Infine, troviamo l’atteggiamento della folla venuta per seguirlo ed ascoltarlo, alla quale Gesù si rivolge nei termini di una nuova parentela che non si fonda sulla carne e sul sangue, bensì sul “fare la volontà di Dio”.

Nel vangelo scopriamo che la scelta di Gesù, durante la sua vita pubblica, è proprio quella di entrare non solo nelle case di pubblicani e peccatori con i quali desidera parlare, ma anche nelle case degli amici quando sentirà il bisogno di essere loro vicino, o il bisogno di comprensione e sostegno quando avrà il cuore turbato, dimostrando così di amare, cioè, le case dove il legame, la relazione è intessuta non dalla parentela o da qualunque imposizione, ma dalla bellezza del vivere insieme. Sembra quasi che Gesù non cerchi di avere una famiglia tradizionale, fondata su vincoli di carne e sangue, bensì una famiglia composta da coloro che impostano la loro vita nel fare la volontà di Dio.

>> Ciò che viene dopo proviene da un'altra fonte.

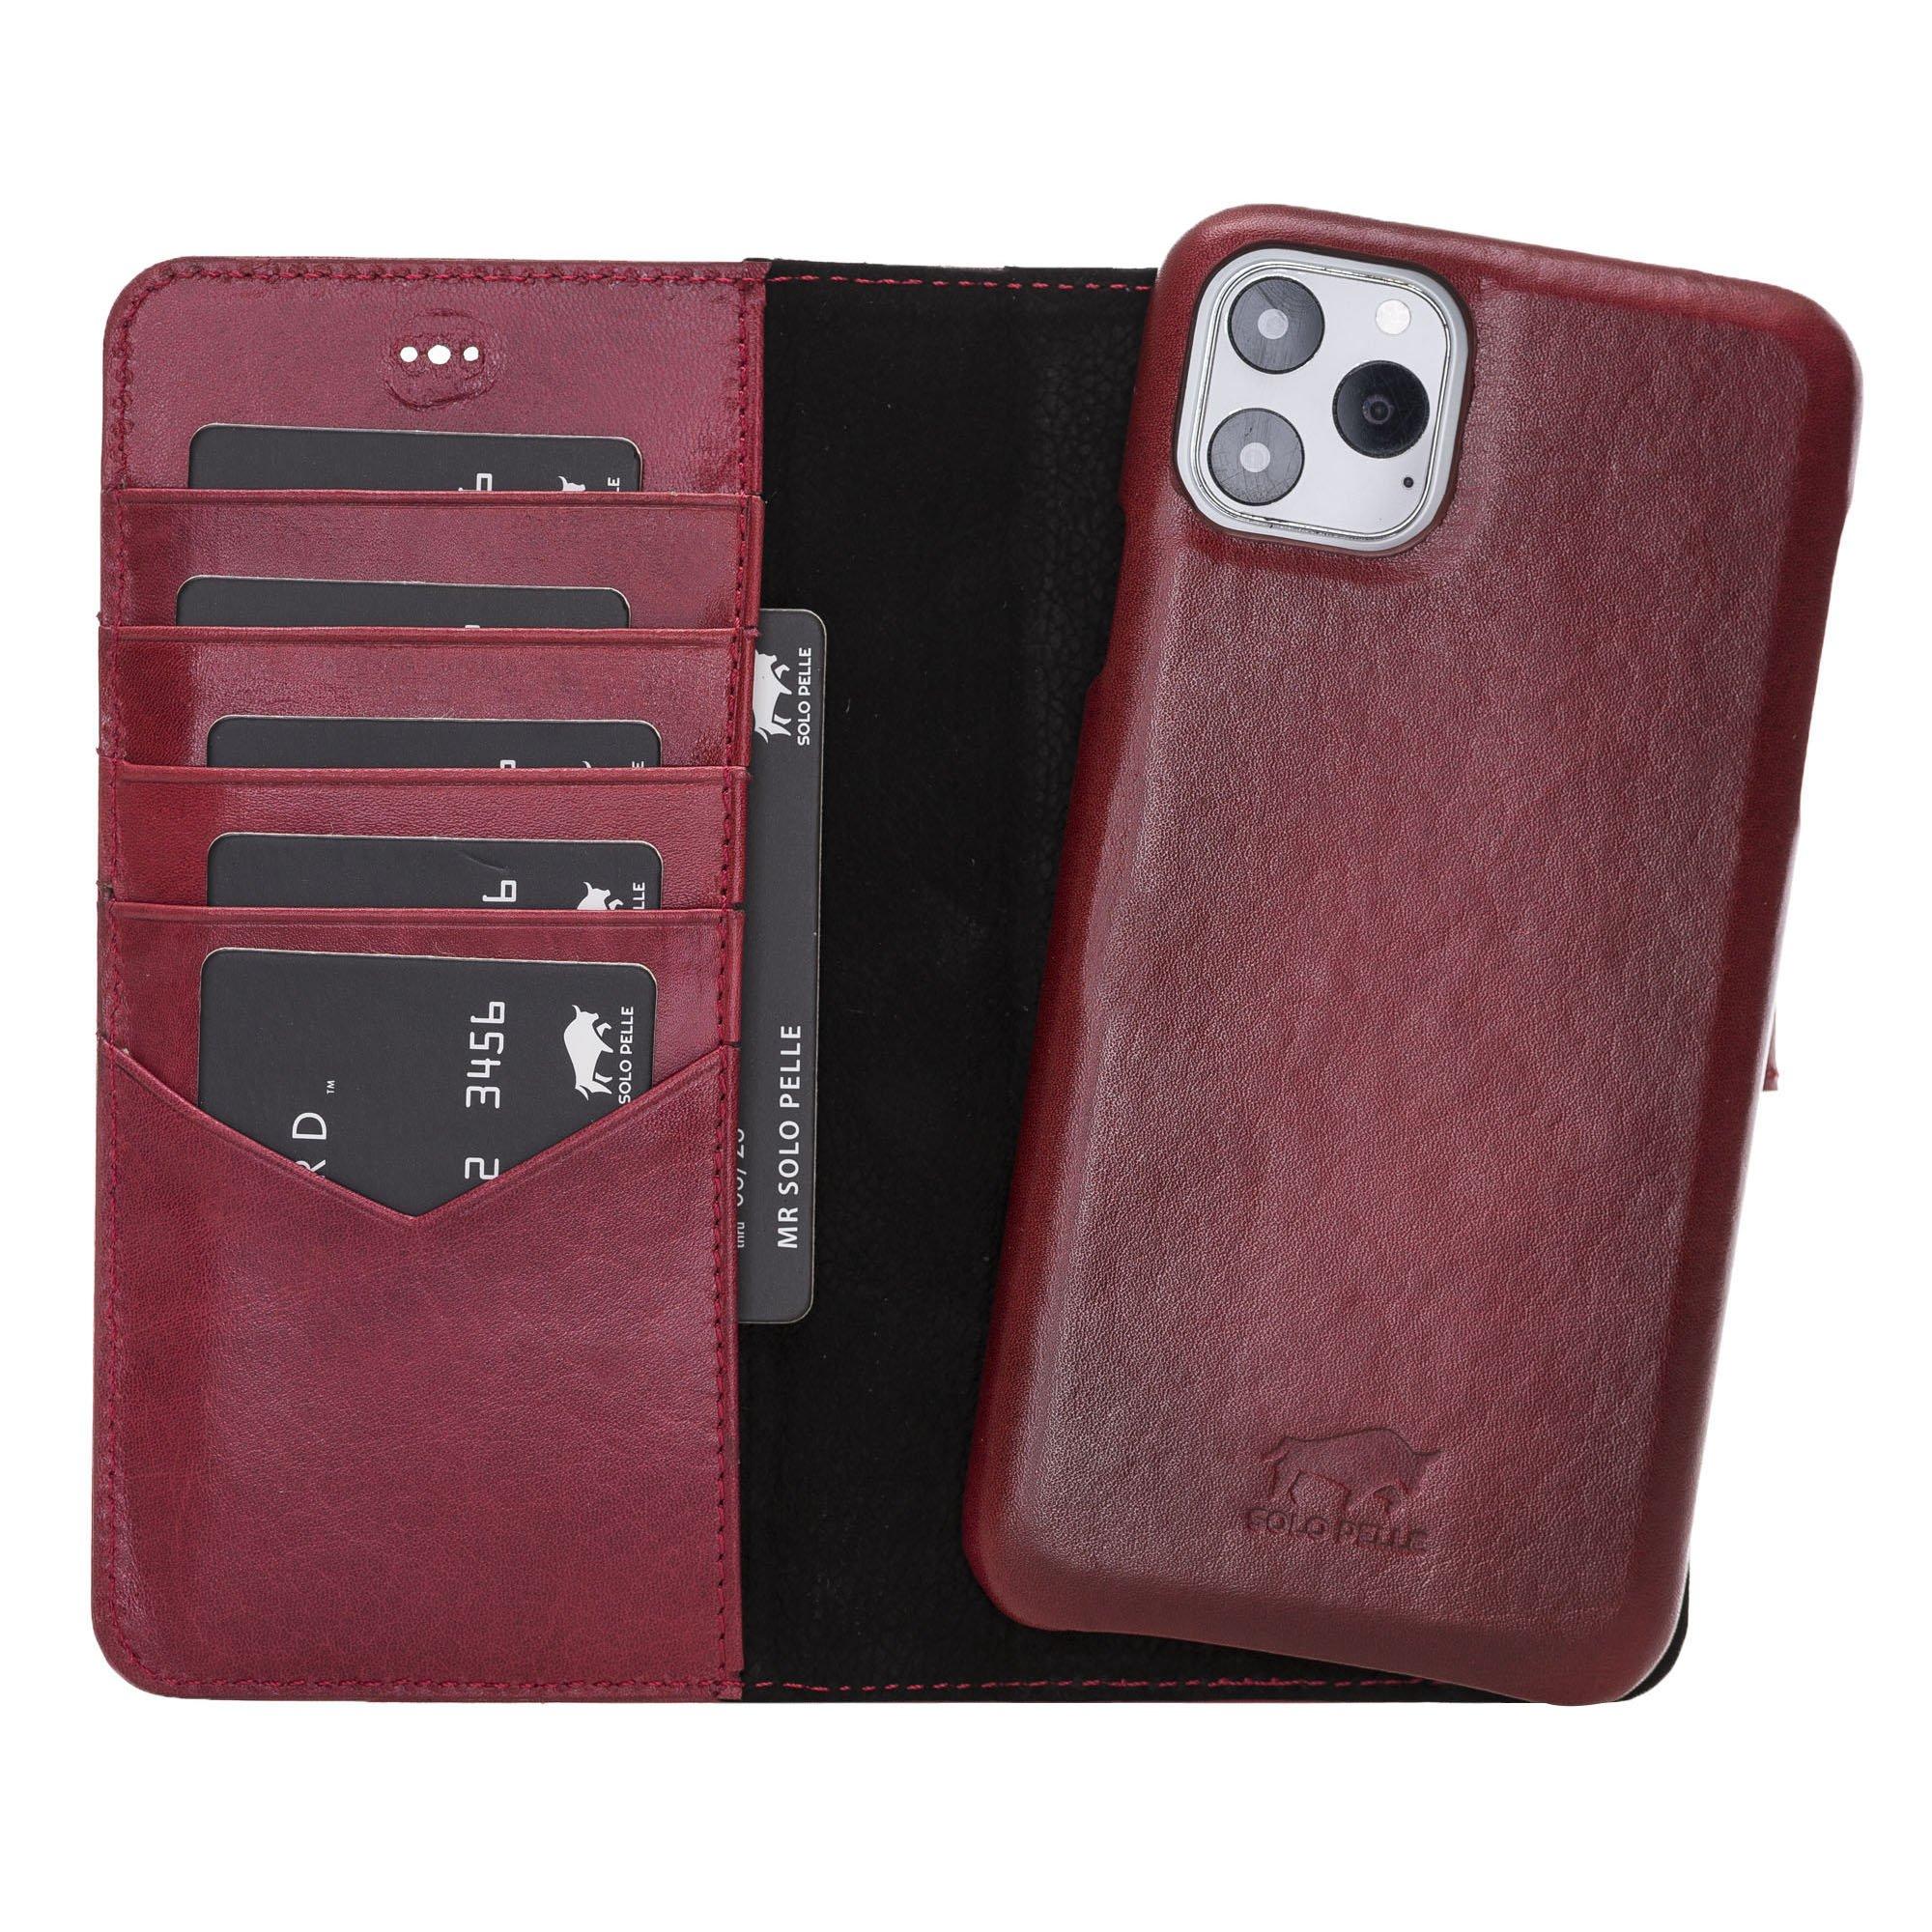 Lederhülle kompatibel für iPhone 11 Pro Max 6.5 Zoll abnehmbare Hülle (2in1) inkl. Kartenfächer (Vollleder Rot Burned)

Resta chiaro che, se vogliamo essere veramente dei “suoi”, è necessario prendere sempre più coscienza che la sua vera famiglia ha legami diversi da quelli di sangue.

E allora si tratta di rinunciare, in modo serio e radicale, a tutto ciò che ostacola il nuovo ordine di relazioni instaurato dall’obbedienza alla Parola del Signore e alla sua volontà, e subordinare ad esse tutto il resto: persone, ideali, cose, lavoro… Amori che non sono in sé negativi, ma che non devono essere prioritari, pena la perdita di quella libertà che nasce dalla sequela del Signore, dal cercare di compiere la sua volontà che, sola, rende veramente liberi e dunque nella pace e felici.